Center for Data-Intensive Biomedicine and Biotechnology, Skolkovo Institute of Science and Technology, 143025 Skolkovo, Russia.
National Center for Biotechnology Information, National Library of Medicine, Bethesda, MD 20894.
Proc Natl Acad Sci U S A. 2018 Jun 5;115(23):E5307-E5316. doi: 10.1073/pnas.1803440115. Epub 2018 May 21.
The CRISPR-Cas systems of bacterial and archaeal adaptive immunity consist of direct repeat arrays separated by unique spacers and multiple CRISPR-associated () genes encoding proteins that mediate all stages of the CRISPR response. In addition to the relatively small set of core genes that are typically present in all CRISPR-Cas systems of a given (sub)type and are essential for the defense function, numerous genes occur in CRISPR- loci only sporadically. Some of these have been shown to perform various ancillary roles in CRISPR response, but the functional relevance of most remains unknown. We developed a computational strategy for systematically detecting genes that are likely to be functionally linked to CRISPR-Cas. The approach is based on a "CRISPRicity" metric that measures the strength of CRISPR association for all protein-coding genes from sequenced bacterial and archaeal genomes. Uncharacterized genes with CRISPRicity values comparable to those of genes are considered candidate CRISPR-linked genes. We describe additional criteria to predict functionally relevance for genes in the candidate set and identify 79 genes as strong candidates for functional association with CRISPR-Cas systems. A substantial majority of these CRISPR-linked genes reside in type III CRISPR- loci, which implies exceptional functional versatility of type III systems. Numerous candidate CRISPR-linked genes encode integral membrane proteins suggestive of tight membrane association of CRISPR-Cas systems, whereas many others encode proteins implicated in various signal transduction pathways. These predictions provide ample material for improving annotation of CRISPR- loci and experimental characterization of previously unsuspected aspects of CRISPR-Cas system functionality.

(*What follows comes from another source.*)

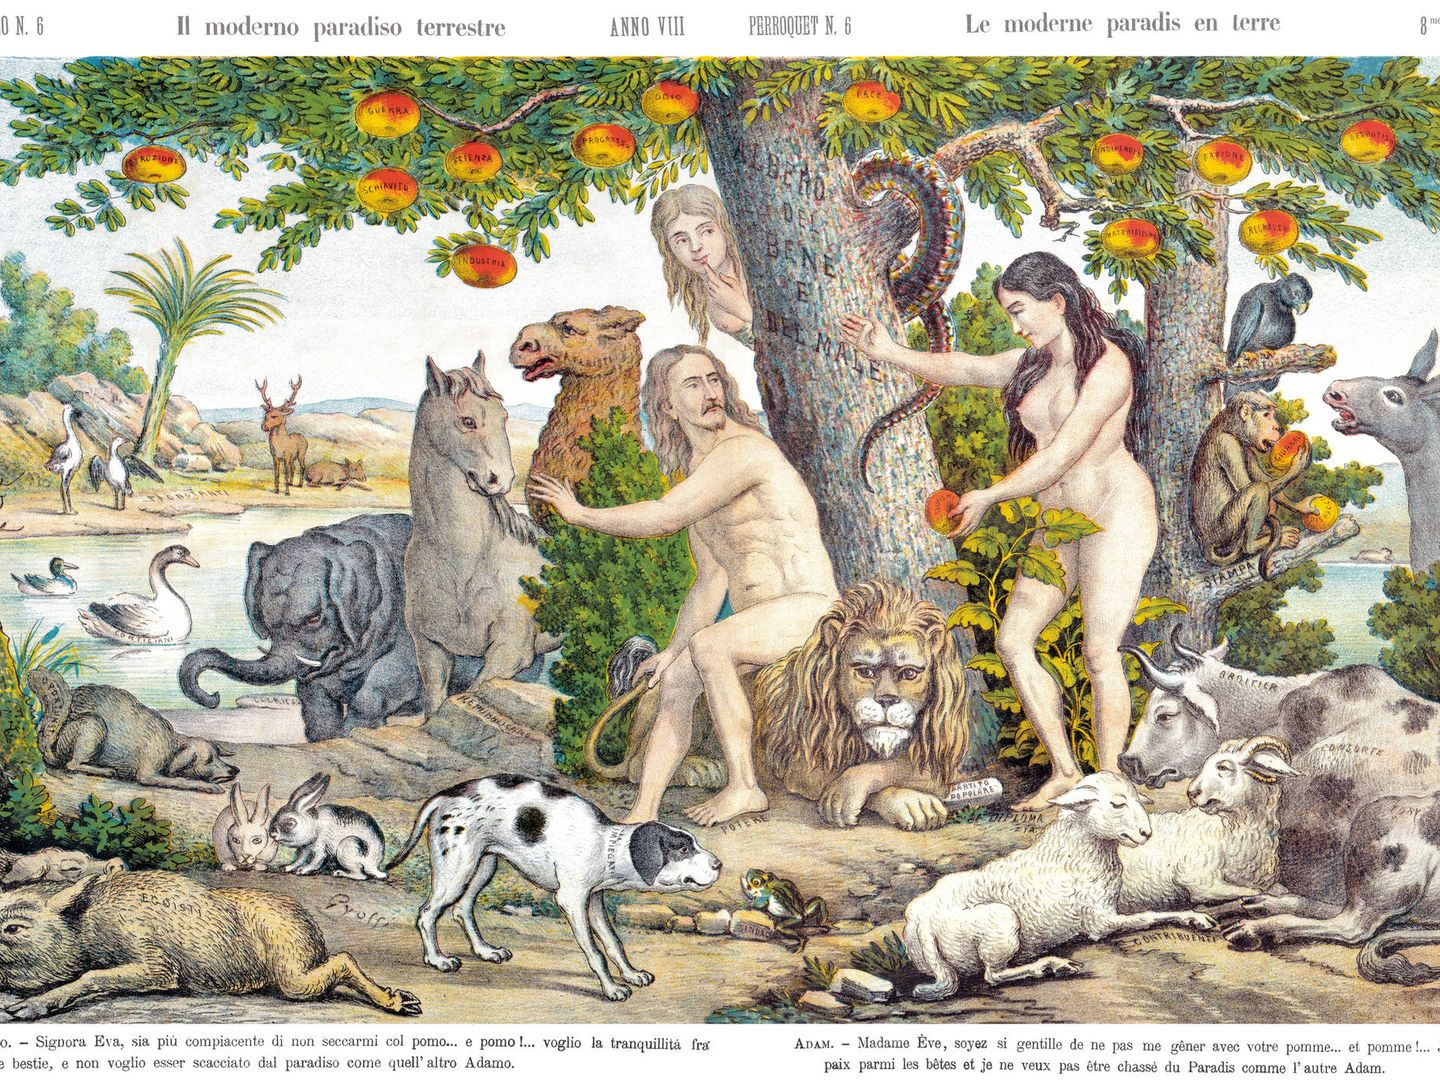 De nuevo Adán y Eva comiendo manzanas, por Augusto Grossi en 1880.
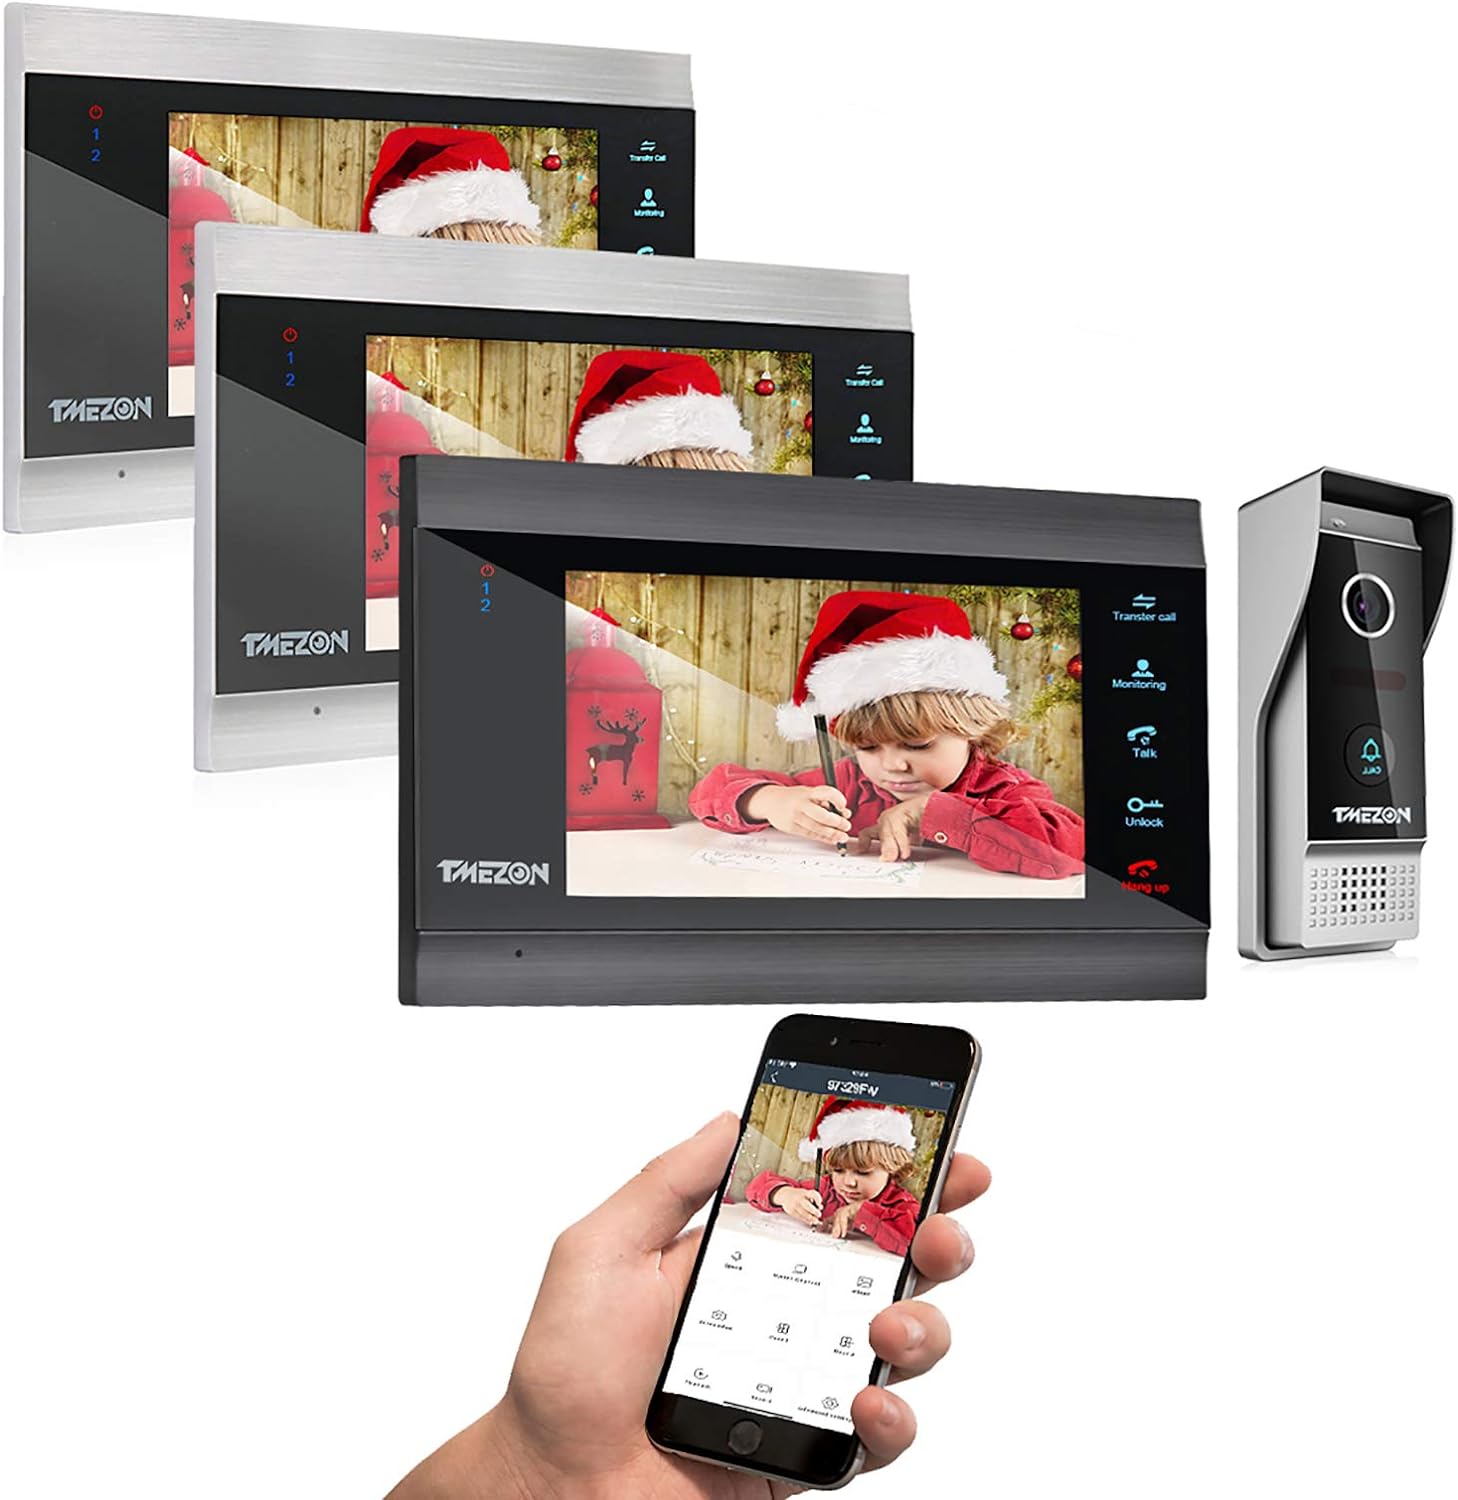 TMEZON 10" WiFi Smart Video Door Phone Doorbell Intercom System IP LCD Monitor

CRISPR-Cas 系统是细菌和古菌适应性免疫系统的一部分,由直接重复序列组成,序列之间由独特的间隔区隔开,还有多个 CRISPR 相关(CRISPR-associated,Cas)基因,这些基因编码的蛋白参与 CRISPR 反应的各个阶段。除了在特定(亚)型的所有 CRISPR-Cas 系统中通常存在的相对较小的核心 Cas 基因集,这些基因对于防御功能是必不可少的之外,CRISPR 基因座中还会偶尔出现许多其他基因。其中一些基因已被证明在 CRISPR 反应中具有各种辅助作用,但大多数基因的功能相关性仍然未知。我们开发了一种用于系统检测可能与 CRISPR-Cas 功能相关的基因的计算策略。该方法基于“CRISPRicity”度量,该度量可衡量来自已测序细菌和古菌基因组的所有编码蛋白基因与 CRISPR 的关联强度。CRISPRicity 值与 Cas 基因相当的未鉴定基因被认为是候选 CRISPR 相关基因。我们还描述了用于预测候选基因集功能相关性的其他标准,并确定了 79 个基因作为与 CRISPR-Cas 系统功能关联的强候选基因。这些 CRISPR 相关基因的绝大多数位于 III 型 CRISPR 基因座中,这意味着 III 型系统具有特殊的功能多样性。许多候选 CRISPR 相关基因编码整合膜蛋白,提示 CRISPR-Cas 系统与膜紧密相关,而许多其他基因编码与各种信号转导途径相关的蛋白。这些预测为改进 CRISPR 基因座的注释和对以前未被怀疑的 CRISPR-Cas 系统功能方面进行实验表征提供了丰富的材料。